Could you output the whole listing exactly as it stands, minus any images?

■ RECORDED DATA
——————————

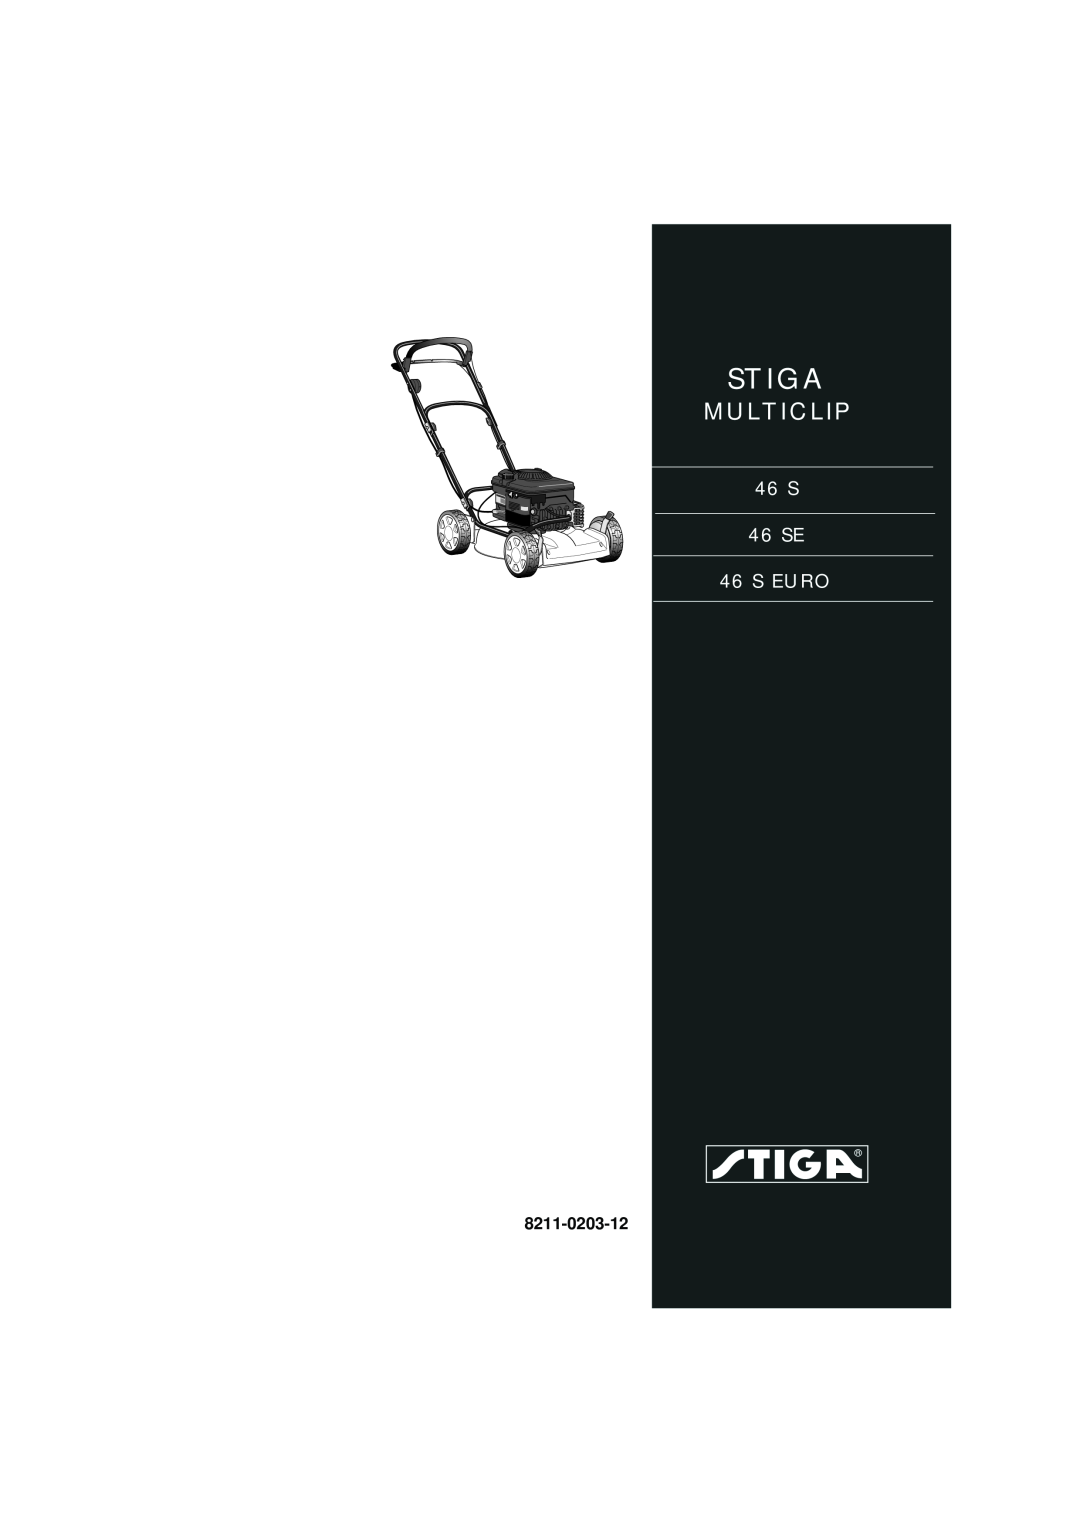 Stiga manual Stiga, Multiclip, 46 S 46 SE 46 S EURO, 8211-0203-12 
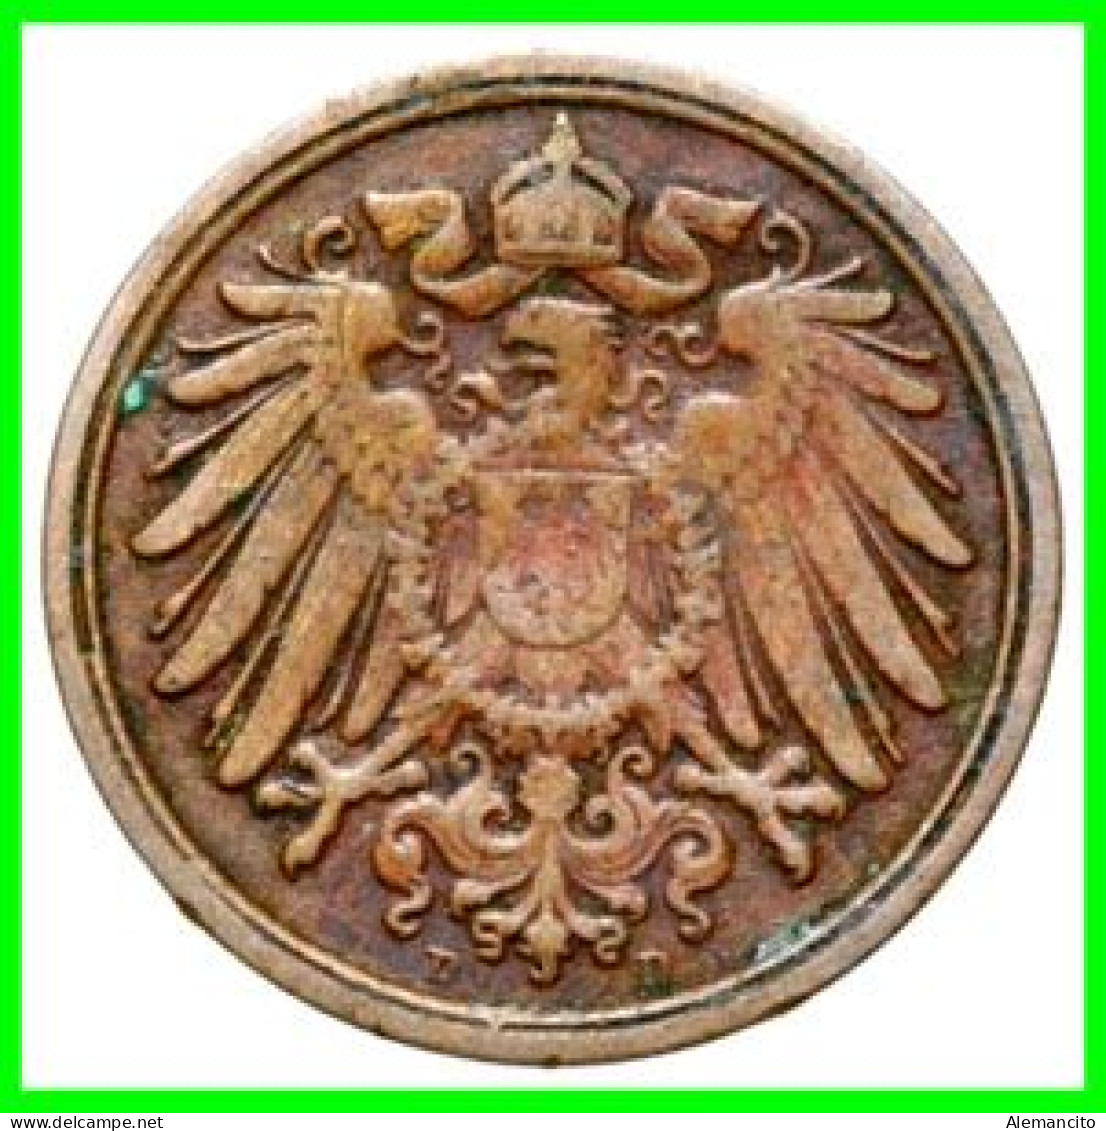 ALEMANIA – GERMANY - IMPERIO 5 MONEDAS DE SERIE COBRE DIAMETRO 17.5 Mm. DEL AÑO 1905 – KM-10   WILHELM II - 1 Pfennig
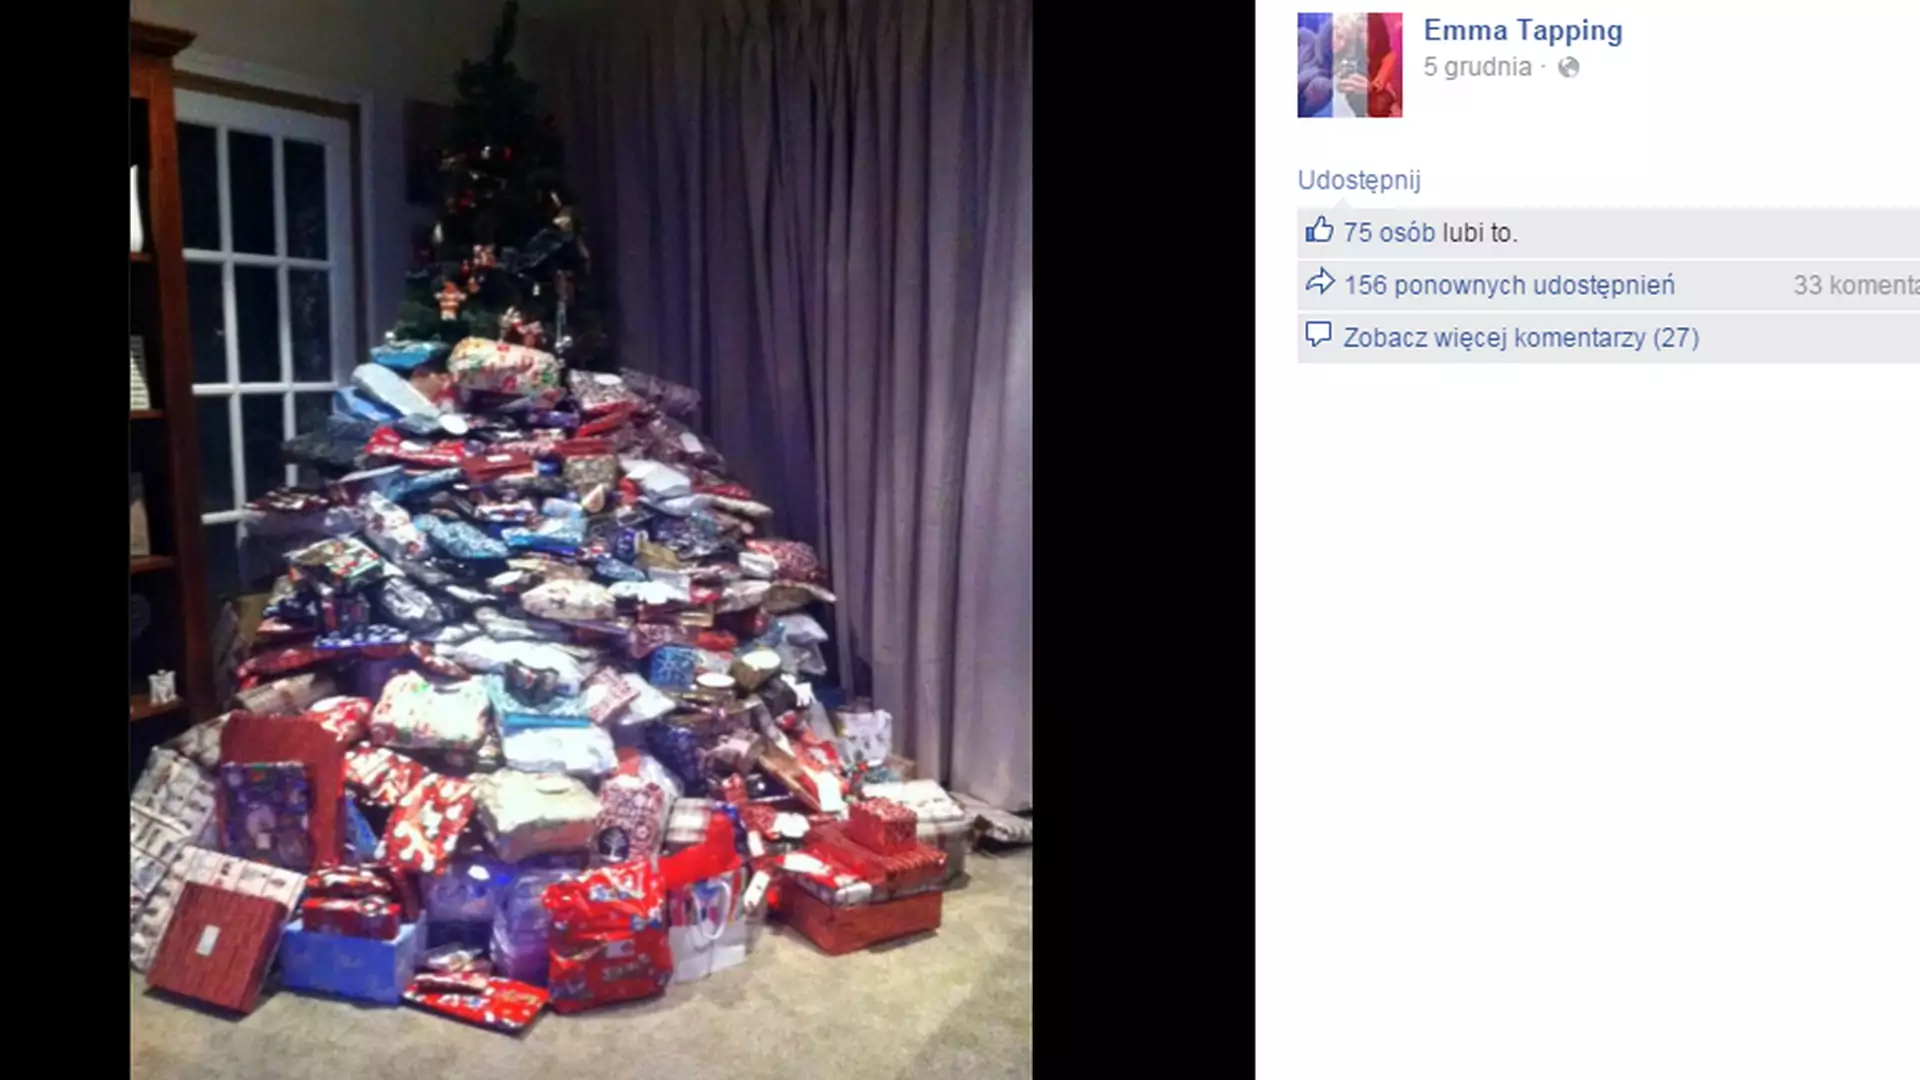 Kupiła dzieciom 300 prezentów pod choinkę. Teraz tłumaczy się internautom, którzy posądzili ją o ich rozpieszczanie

——————————

■ YOUR SOLUTION
 Stiga manual Stiga, Multiclip, 46 S 46 SE 46 S EURO, 8211-0203-12 
 ALEMANIA – GERMANY - IMPERIO 5 MONEDAS DE SERIE COBRE DIAMETRO 17.5 Mm. DEL AÑO 1905 – KM-10   WILHELM II - 1 Pfennig
 Kupiła dzieciom 300 prezentów pod choinkę. Teraz tłumaczy się internautom, którzy posądzili ją o ich rozpieszczanie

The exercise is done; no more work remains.